Society Materials 12 July 2011 12:43
Today, Congressman Jerrold Nadler (D-NY), representative of the largest community of immigrants from the former Soviet Union (FSU) in the nation, introduced historic legislation designed to help restore payment of unpaid pensions to FSU immigrants now living in the U.S, the Congressman's official website said.
U.S introduces legislation to help restore payment of unpaid pensions to FSU immigrants

Azerbaijan, Baku, July 12 / Trend /

Today, Congressman Jerrold Nadler (D-NY), representative of the largest community of immigrants from the former Soviet Union (FSU) in the nation, introduced historic legislation designed to help restore payment of unpaid pensions to FSU immigrants now living in the U.S, the Congressman's official website said.

"For too long, thousands of FSU immigrants in my district and across the nation have been unfairly deprived of their hard-earned pensions," said Nadler.
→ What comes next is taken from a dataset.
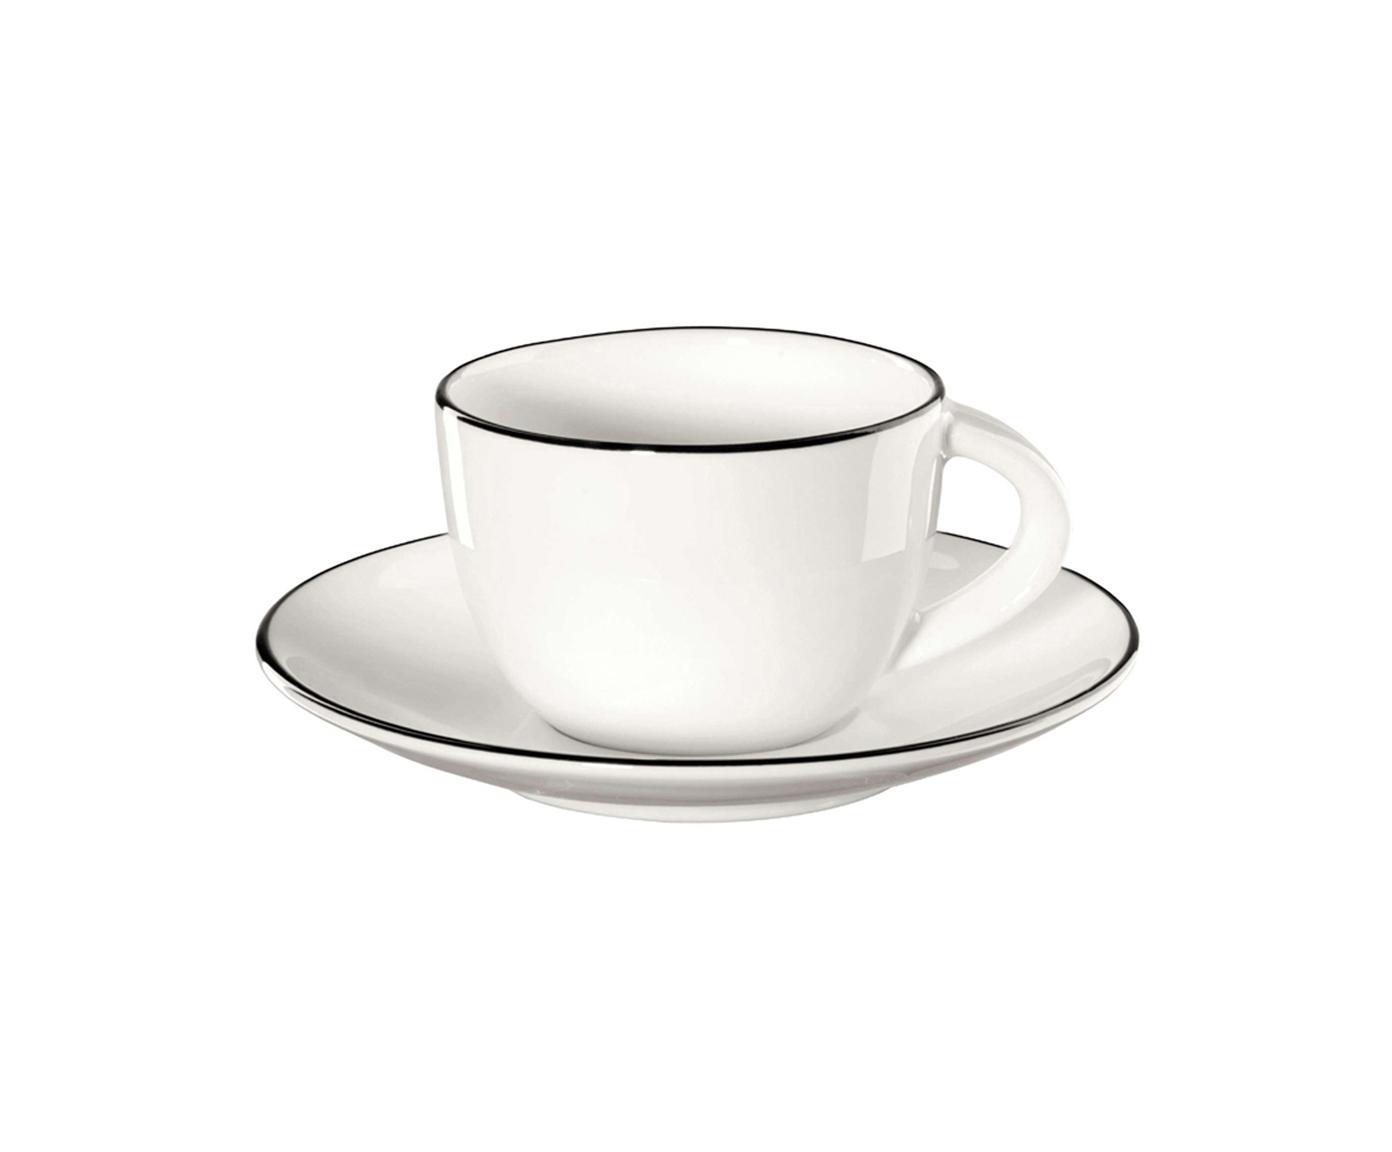 Espressotassen mit Untertassen á table ligne noir, 4 Stück, Fine Bone China, Weiss<br>Rand: Schwarz, Ø 6 x H 5 cm
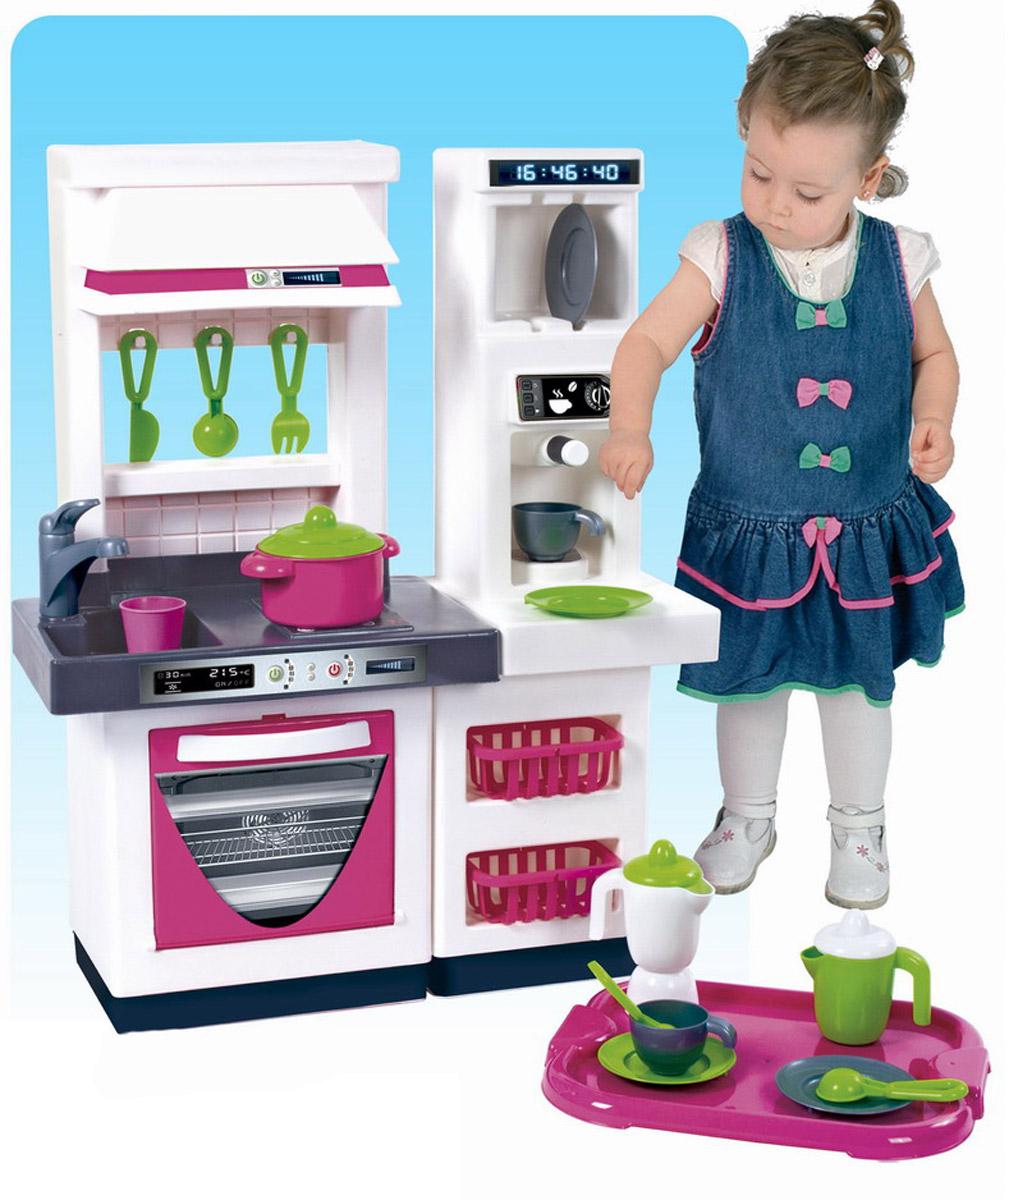 Palau Toys Игровой набор Кухня с 2 модулями и набором посуды 07/1586

"The principle is quite simple: if you work for decades and pay into a pension fund, you have the right to the payments that were promised you, no matter where you live. My legislation would ensure that the U.S. government plays a direct role in our longstanding efforts to obtain hard-earned pensions for Russian-speaking immigrants."

The Former Soviet Union State Pension Fairness Act of 2011 would direct the State Department and Social Security Administration to prioritize working with the FSU states to encourage policies that foment payment of pensions to individuals who earned pensions in those states but since immigrated to the United States.

There are tens of thousands of FSU immigrants in the U.S. who are currently not being paid pensions due them from FSU states. In 2006, at the request of community advocates from the FSU immigrant community in Brooklyn, Nadler began his efforts to restore pension payments to those immigrants, working with FSU governments and key State Department and Social Security Administration officials on the issue. Thus far, few of the 15 former Soviet republics reliably pay pensions due to retired workers living in the U.S.